L’argomento è scomodo e sembra fuori moda, tanto più dopo il dato sul Pil del terzo trimestre rivisto in crescita del +4,1% a metà dicembre. Il dato è viziato da un incremento anomalo delle scorte ma da fiato alle trombe degli ottimisti che possono così giustificare l’incremento dell’indice azionario domestico del +29% nel 2013.
Tuttavia molti fanno finta di dimenticarsi che qualcosa è radicalmente cambiato nell’economia mondiale ed in quella a stelle e strisce dalla Grande Recessione del 2008. La domanda è la seguente: quando arriverà la prossima recessione Usa e potrebbe essere già nel 2014 ? Inoltre come si comporterebbe la FED, la quale ha già raddoppiato il suo stimolo monetario nell’ultimo biennio, qualora la crescita dovesse svanire visto che anche l’acquisto di 85mld mensili di titoli è ormai insufficiente a stimolare adeguatamente la crescita economica ?
Diamo uno sguardo alle statistiche e più precisamente alla lunghezza dei precedenti cicli economici. Alla fine del 2013 questo ciclo espansivo ha raggiunto i 54 mesi e si colloca già oltre la media dei 39 mesi da quando inizia la serie storica (1854). Negli ultimi 100 anni invece, da quando è stata costituita nel 1913 la Banca Centrale, è di 50 mesi. L’attuale ciclo economico espansivo è ora il settimo più lungo dei 34 registrati dal 1854.

Ma i numeri non significano molto; in economia i cicli economici non muoiono di anzianità ma per squilibri che si succedono e che potrebbero anche non essere ancora del tutto visibili. Tuttavia esistono oggi molti indicatori che consentono di prevedere con un certo anticipo la durata di un ciclo economico. Molti economisti avevano previsto una ricaduta dell’economia USA in recessione già nel triennio 2011-2013, dopo la ripresa del 2009-2010. La stima è stata stravolta dallo straordinario stimolo monetario messo in campo dalla FED che ha consentito di spostare in avanti il problema.
Lo stimolo monetario sembra ormai spuntato: la FED è stata costretta ad iniziare, assolutamente controvoglia, il TAPERING in presenza delle crescenti bolle speculative create da questa politica “non convenzionale” sul mercato azionario, obbligazionario ed immobiliare e dell’effetto marginale del “quantitative easing” sull’economia reale al quinto anno di applicazione con tre nuovi trilioni di dollari stampati di nuova carta moneta.
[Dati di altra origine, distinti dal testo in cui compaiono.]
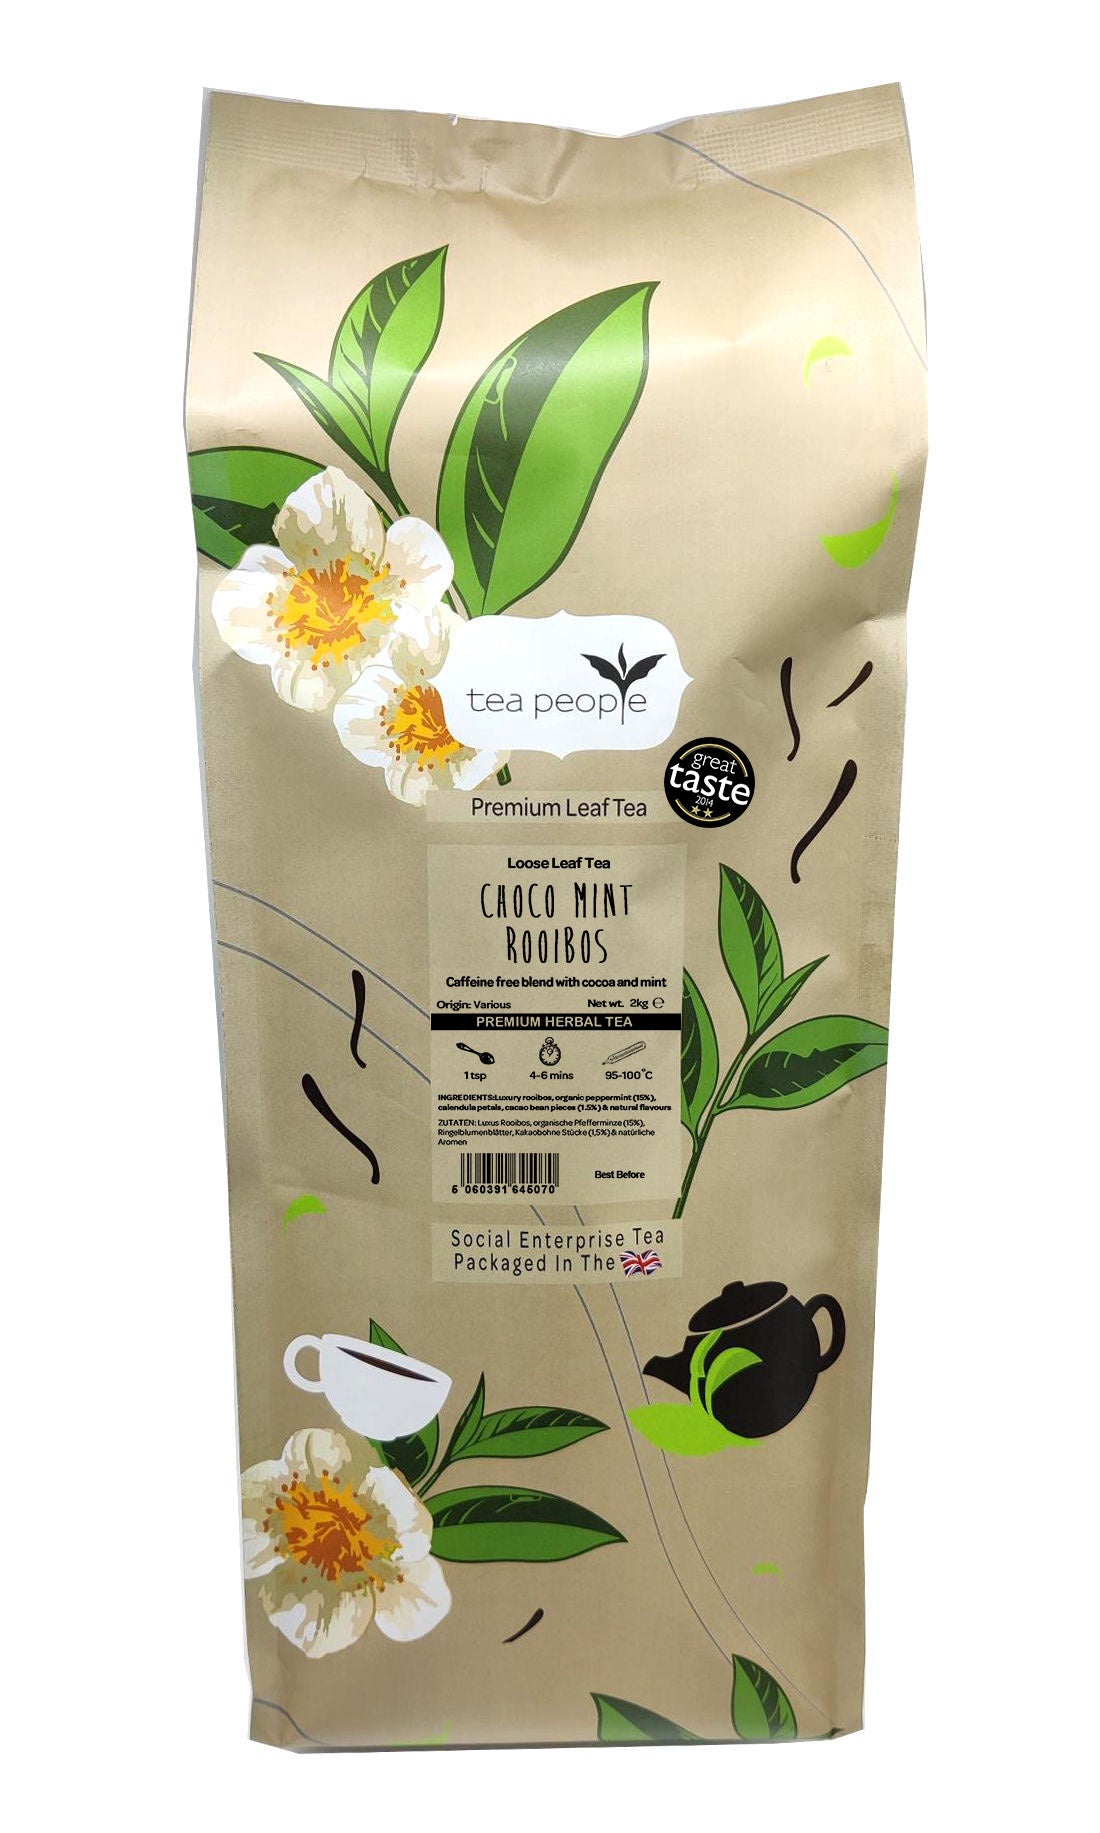 Choco Mint Rooibos - Loose Herbal Tea - 2kg Large Catering Pack

Di conseguenza i tassi di interesse hanno ripreso a salire con il rendimento sul titolo decennale che ha sfondato la soglia del 3% mentre solo a maggio era all’1,65%. Le richieste di nuovi mutui si sono inabissate crollando del 65% nello stesso periodo ed impatteranno negativamente nei prossimi mesi sul settore immobiliare, già in debole ripresa e sostenuto in modo artificiale dai tassi bassi, politiche fiscali di aiuti ai sottoscrittori di mutui in difficoltà finanziarie ed infine dagli acquisti speculativi dei fondi di private equity.
Anche l’economia reale ha però il fiato corto. L’incremento della crescita delle vendite natalizie è stato il più modesto dal 2009. Con l’accordo sul budget sottoscritto a metà dicembre, gli Stati Uniti evitano un altro shutdown, vale a dire la chiusura parziale dell’apparato amministrativo pubblico. Tuttavia uno dei punti concordati, forse il più controverso per l’impatto economico, annulla l’estensione dei sussidi di disoccupazione inserita dal 2008 per coloro che superano le 26 settimane di non occupazione e fino alla 99esima settimana. Si tratta di 300$ in media al mese che non verranno erogati a 1,3mln di cittadini per un totale di 80mld che non rientreranno nel ciclo economico.
Se aggiungiamo poi i problemi di debito crescente e di deficit, il primo in crescita ed il secondo in calo ma con spesa per interessi in salita, in aggiunta alle bolle finanziarie che potrebbero esplodere nei prossimi mesi il quadro è fatto e la recessione è dietro l’angolo.
Manca infine lo spettro della deflazione che da ottobre incombe sulle principali economie sviluppate, dagli Stati Uniti all’Europa e malgrado i trilioni di dollari creati inutilmente dalle Banche Centrali nell’ultimo triennio per combatterla .
L’economia USA è ormai “addicted” (dipendente) alla droga dei bassi tassi e dello stimolo monetario infinito senza il quale il Paese sarebbe già di nuovo in recessione.
Ancora una volta, ed anche per il prossimo anno, il motore sarà la Fed e le sue mosse di politica monetaria ma le munizioni a sua disposizione sono ormai inefficaci e direi anche controproducenti.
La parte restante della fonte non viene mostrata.